SCOTT BEDBURY joined Starbucks in June 1995 as senior vice president,
Marketing and became the senior vice president, Brand Development in November
1997. From November 1987 to October 1994, Mr. Bedbury held the position of
worldwide director of advertising for Nike, Inc. Prior to joining Nike, Inc.,
Mr. Bedbury was vice president for Cole and Weber Advertising in Seattle,
Washington, which is an affiliate of Ogilvy and Mather.

BRUCE CRAIG joined Starbucks in October 1992 and served as regional and
then zone vice president for the Southwest. In September 1997, Mr. Craig was
promoted to the position of senior vice president, Retail Field Operations.
Prior to joining Starbucks, Mr. Craig served for 21 years with Burger King Corp.
in various positions, including executive vice president/division manager and as
an owner/operator.

VINCENT EADES joined Starbucks in April 1995 as senior vice president,
Specialty Sales and Marketing. From February 1993 to April 1995, Mr. Eades
served as a regional sales manager for Hallmark Cards, Inc. From August 1989 to
February 1993, Mr. Eades was general manager of the Christmas Celebrations
business unit at Hallmark Cards, Inc.

SHARON E. ELLIOTT joined Starbucks in 1994 as senior vice president,
Human Resources. From September 1993 to June 1994, Ms. Elliott served as the
corporate director, staffing and development of Allied Signal Corporation. From
July 1987 to August 1993, she held several human resources management positions
with Bristol-Myers Squibb, including serving as the director of human
resources--corporate staff.

DEBORAH J. GILLOTTI joined Starbucks in February 1997 as senior vice
president and chief information officer. Prior to joining Starbucks, Ms.
Gillotti served as vice president, Corporate MIS for Duracell International,
Inc. (now a division of the Gillette Company). She also held several management
positions for KPMG Peat Marwick Management Consulting from 1989 to 1993.

WANDA HERNDON, joined Starbucks in July 1995 as vice president,
Communications and Public Affairs and was promoted to senior vice president,
Communication and Public Affairs in November 1996. From February 1990 to June
1995, Ms. Herndon held several communications management positions at DuPont.
From November 1978 to February 1990, Ms. Herndon held several public affairs and
marketing communications positions for Dow Chemical Company.

SHELLEY B. LANZA joined Starbucks in June 1995 as senior vice president,
Law and Corporate Affairs and general counsel.
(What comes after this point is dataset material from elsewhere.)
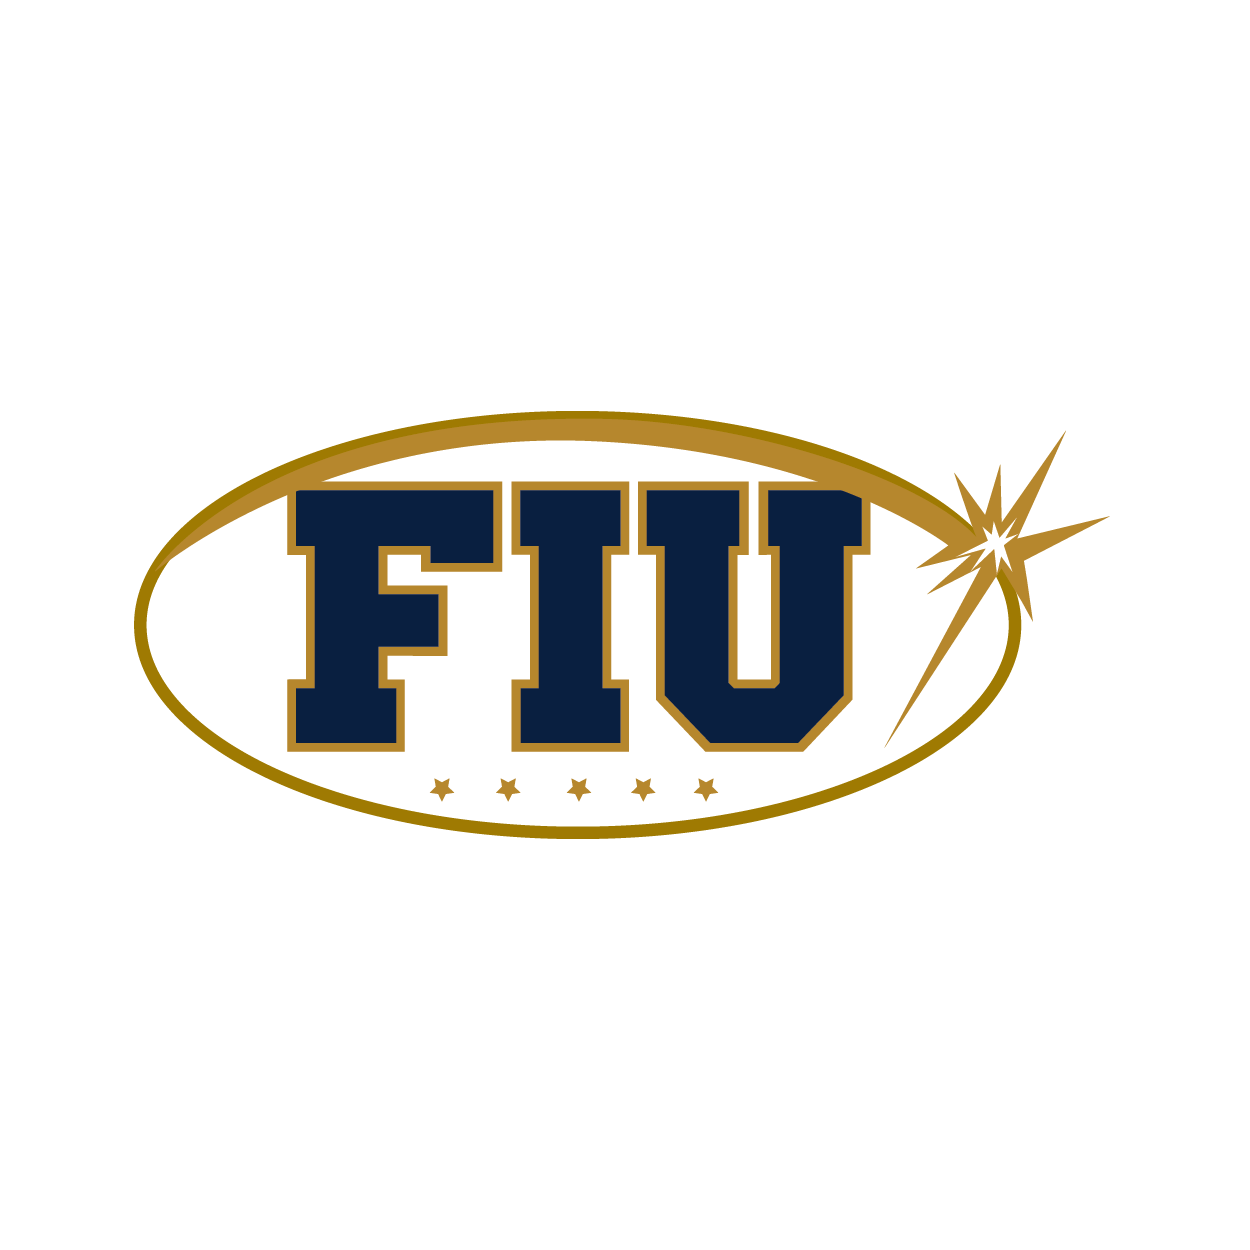 2016 had 2 pins, this pin is a white oval with fiu in navy blue in the center and with a gold spark over it and below the fiu are 5 gold stars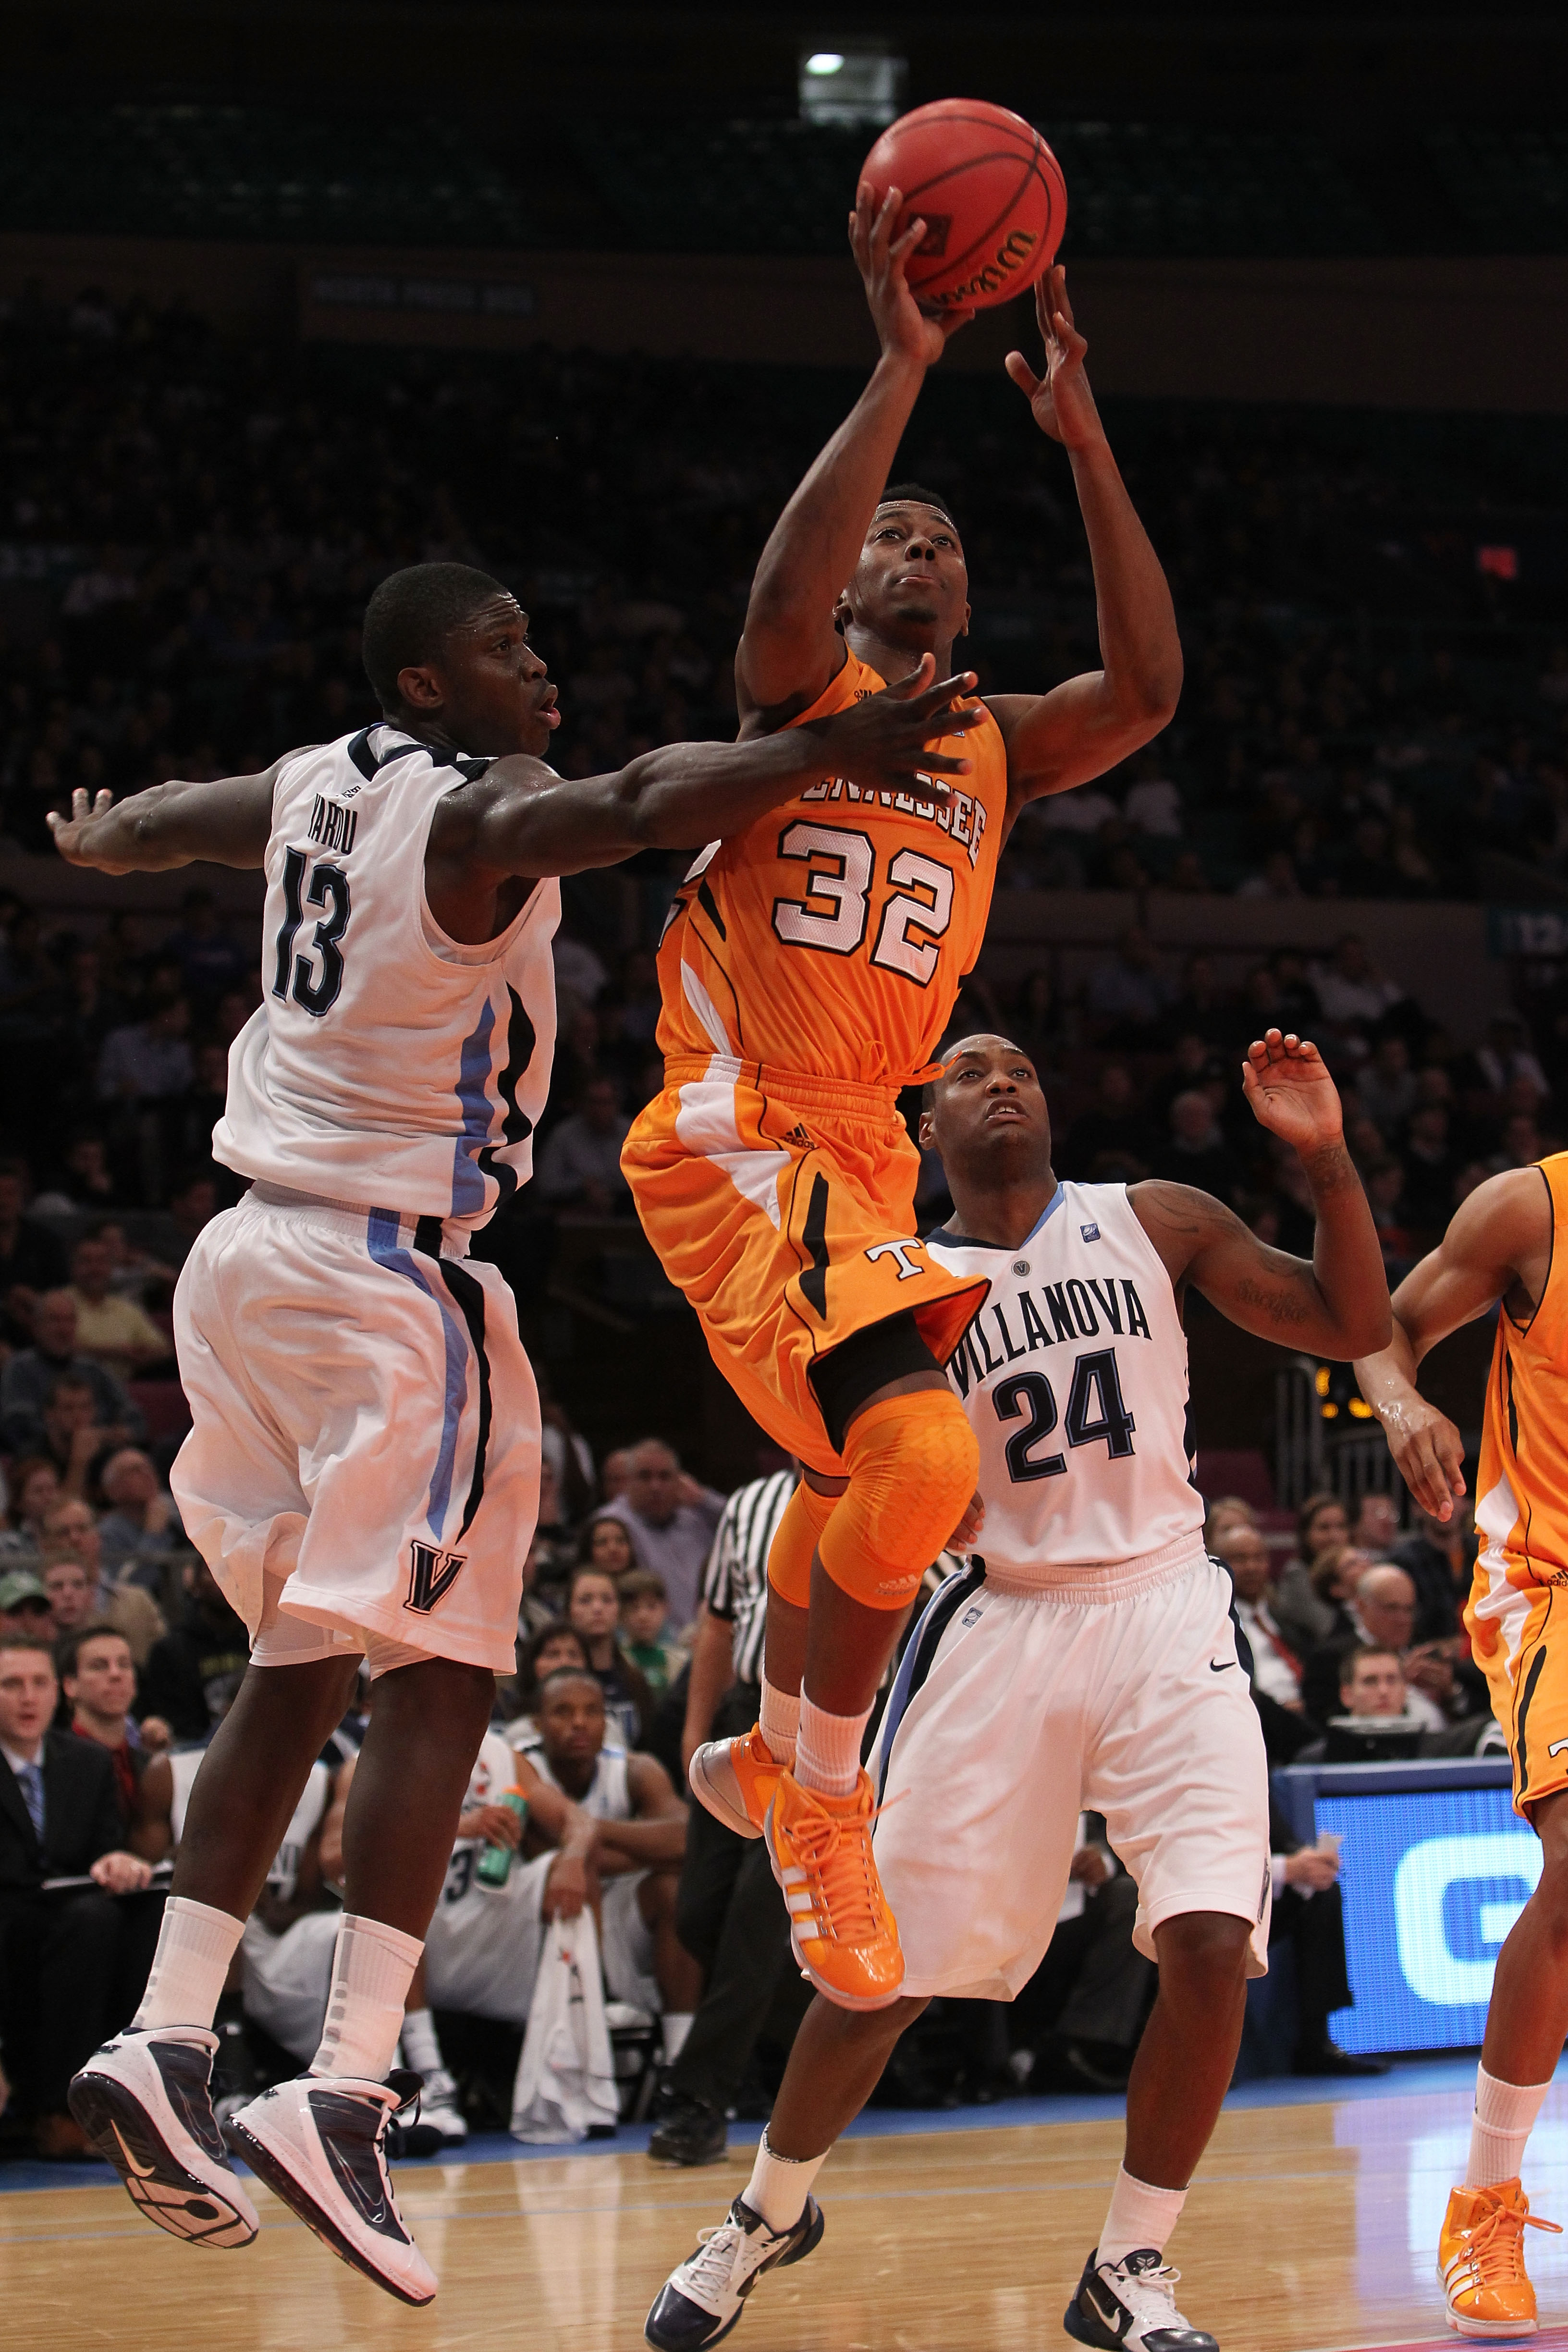 NEW YORK - NOVEMBER 26:  Scotty Hopson #32 of the Tennessee Volunteers shoots the ball despite the block from Mouphtaou Yarou #13 of the Villanova Wildcats  during the Championship game at Madison Square Garden on November 26, 2010 in New York City.  (Pho

From 1986 to 1995, Ms. Lanza
served as vice president and general counsel of Honda of America Manufacturing,
Inc. From 1982 to 1986, Ms. Lanza practiced law at the law firm of Vorys, Sater,
Seymour and Pease in Columbus, Ohio.

JUDY MELELIAT joined Starbucks in October 1997 as vice president,
Marketing Operations and was promoted to senior vice president, Marketing in
November 1997. Prior to joining Starbucks, Ms. Meleliat was vice president of
Marketing for InfoAccess. From September 1995 to June 1996, she served at Edmark
Corporation as the vice president of Sales for the Education Channel. From
September 1987 to September 1995, Ms. Meleliat held several executive management
positions at Egghead Software.

DAVID M. OLSEN joined Starbucks in 1986 and served as the Company's
senior vice president, Coffee from September 1991 to October 1997. From November
1987 to September 1991, Mr. Olsen served as vice president, Coffee, and from
February 1986 to November 1987, he served as the Company's director of training.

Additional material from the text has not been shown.